■ **What the exercise asks**: From the listing below, please restate exactly the lines beginning at the one with "Una vista del" and ending at the one with "Прорив у енергетиці?", both included, and skip the pictures.

■ **Material for the task**:
______

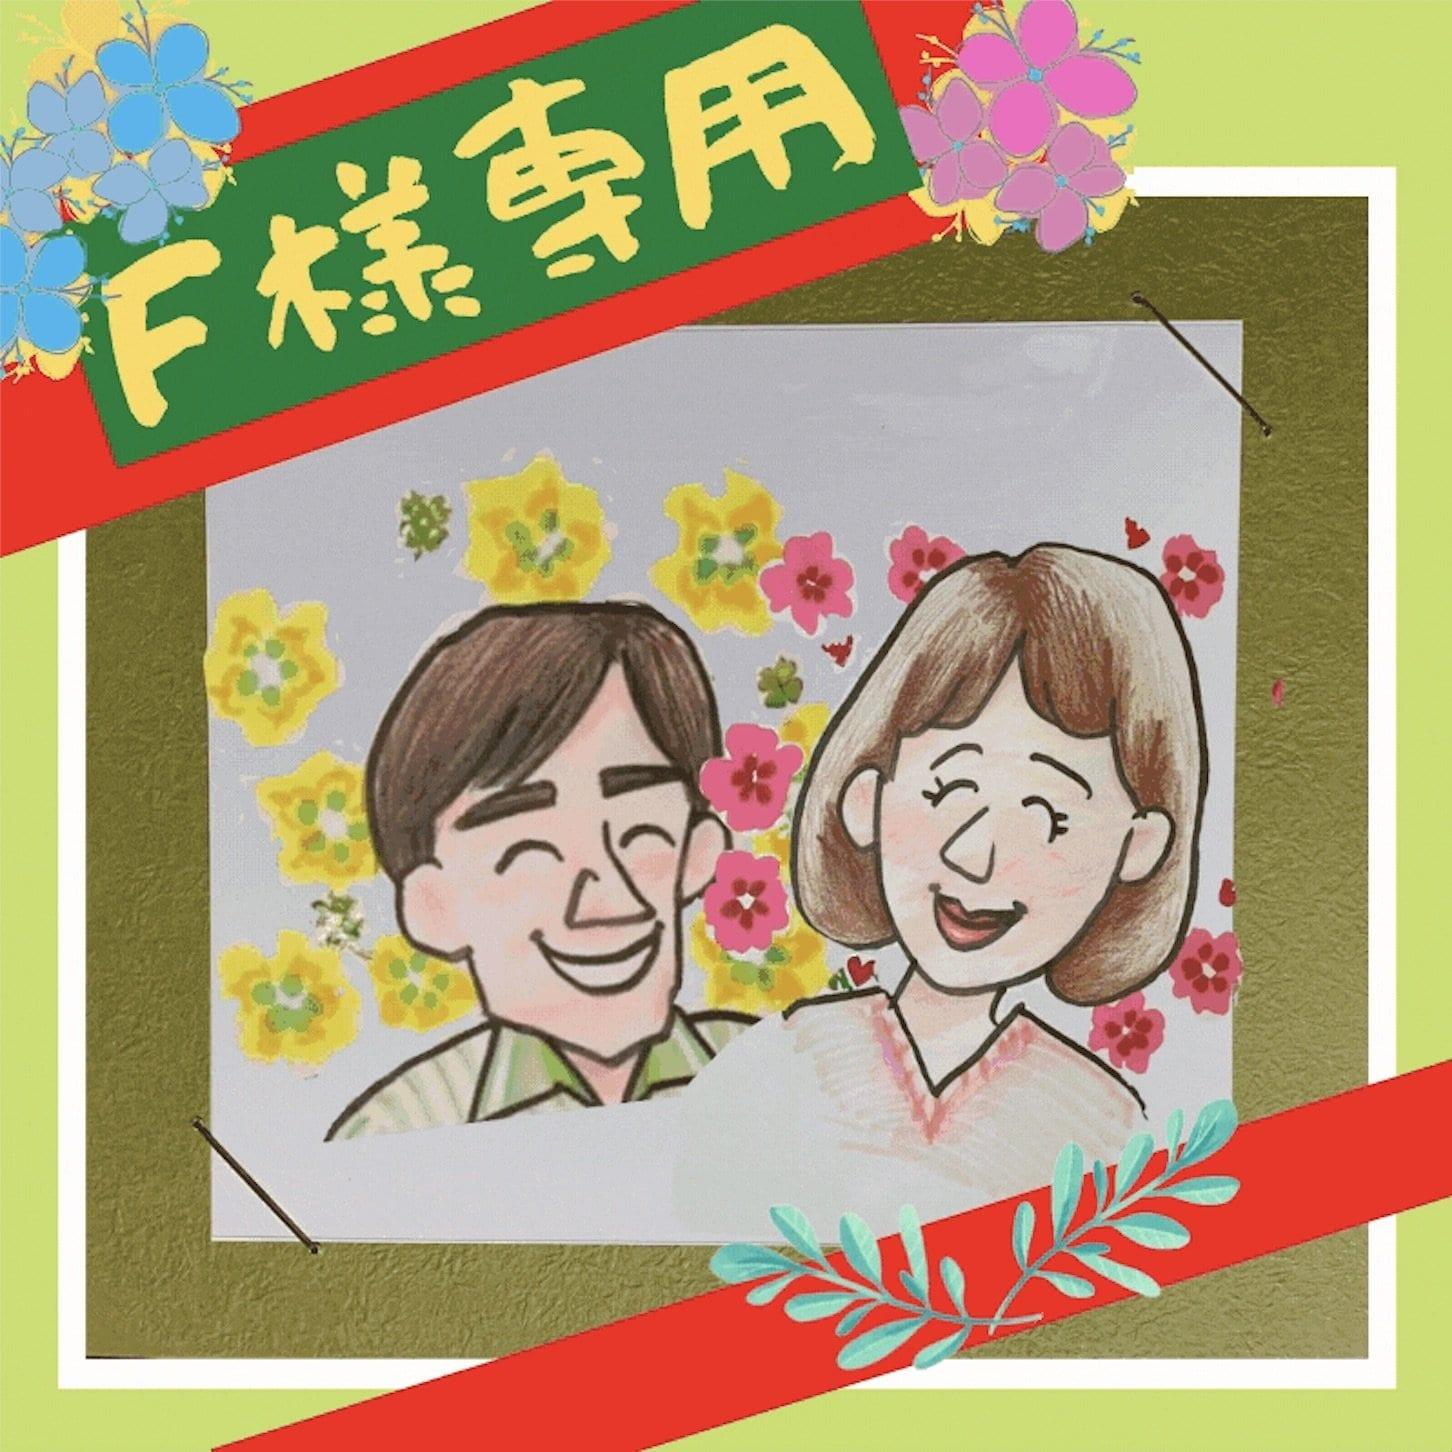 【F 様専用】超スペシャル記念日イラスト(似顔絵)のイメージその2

______

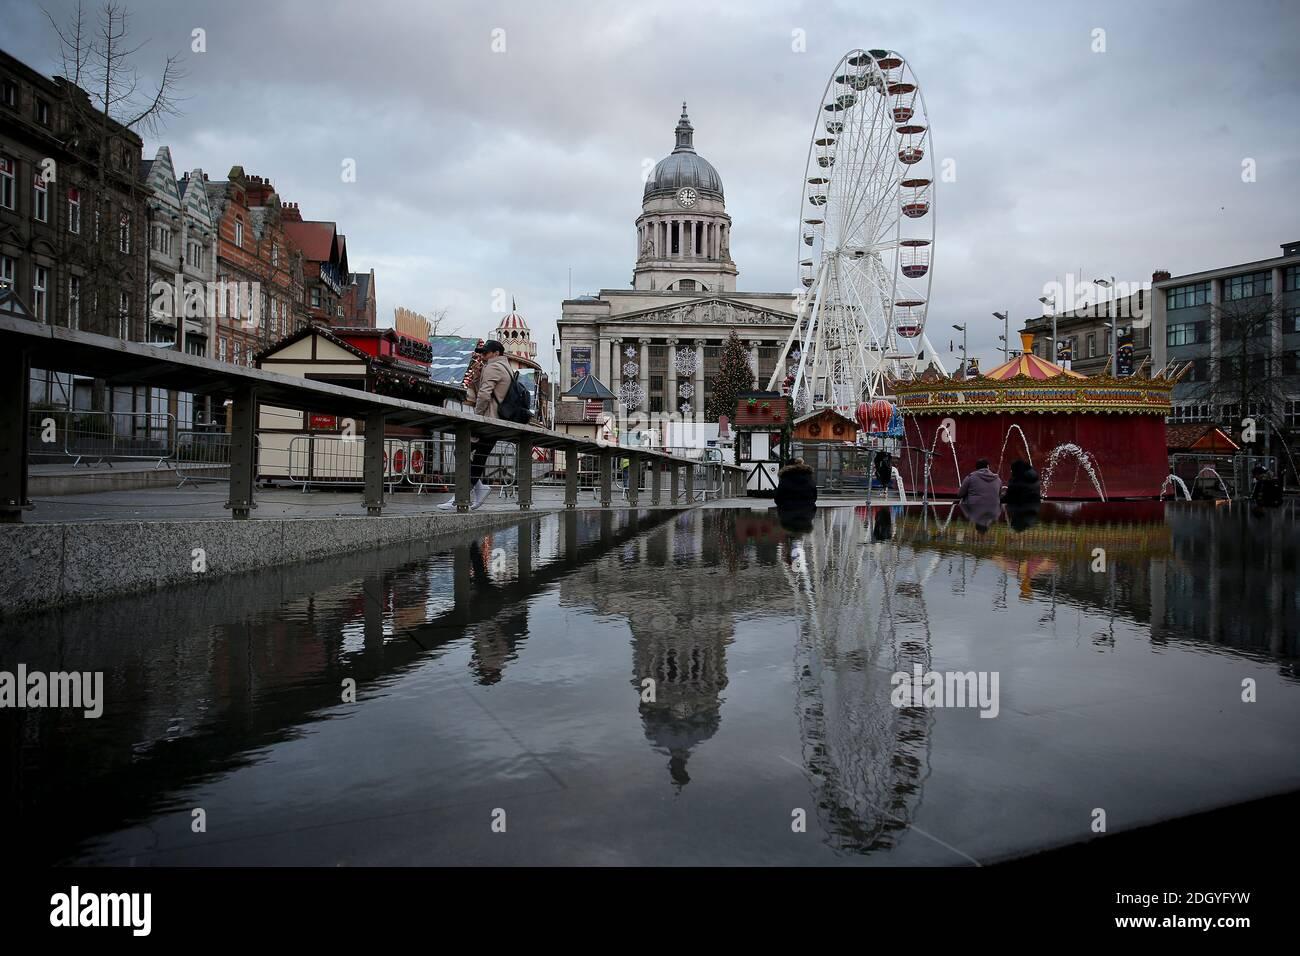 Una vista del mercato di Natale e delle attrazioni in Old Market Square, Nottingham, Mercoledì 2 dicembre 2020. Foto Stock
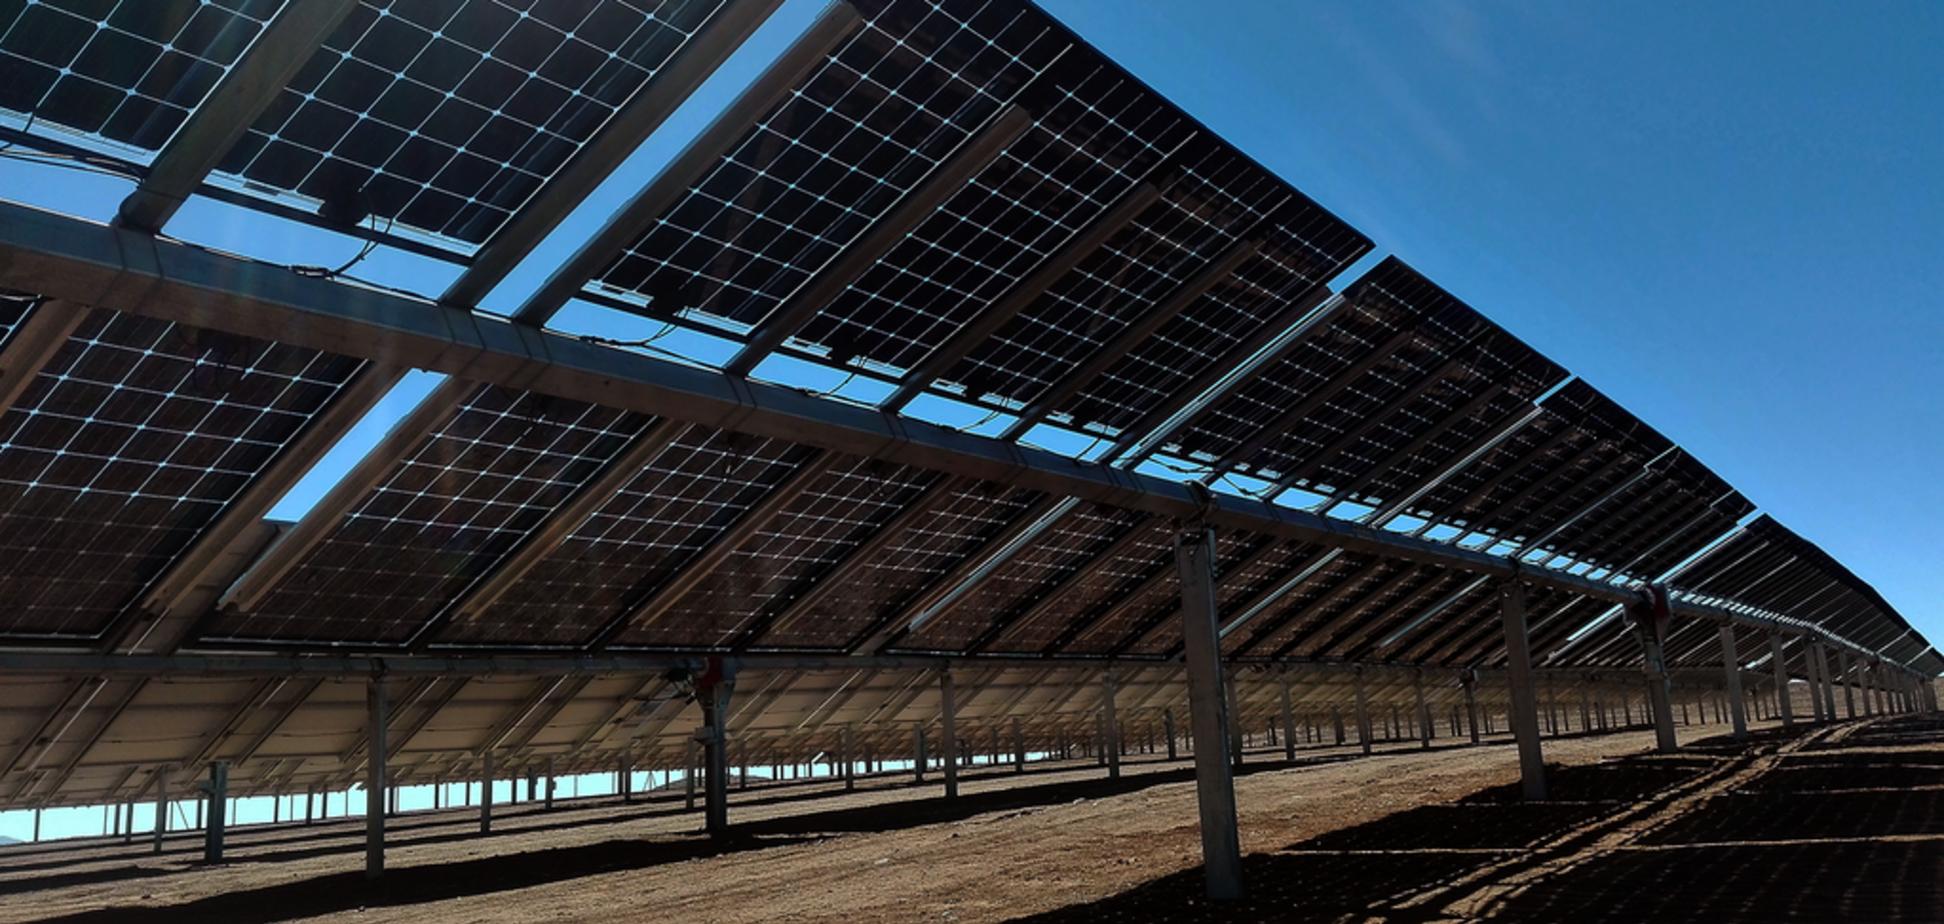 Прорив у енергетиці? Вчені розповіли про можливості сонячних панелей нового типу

______

■ **Result of this task**:
 Una vista del mercato di Natale e delle attrazioni in Old Market Square, Nottingham, Mercoledì 2 dicembre 2020. Foto Stock
 Прорив у енергетиці? Вчені розповіли про можливості сонячних панелей нового типу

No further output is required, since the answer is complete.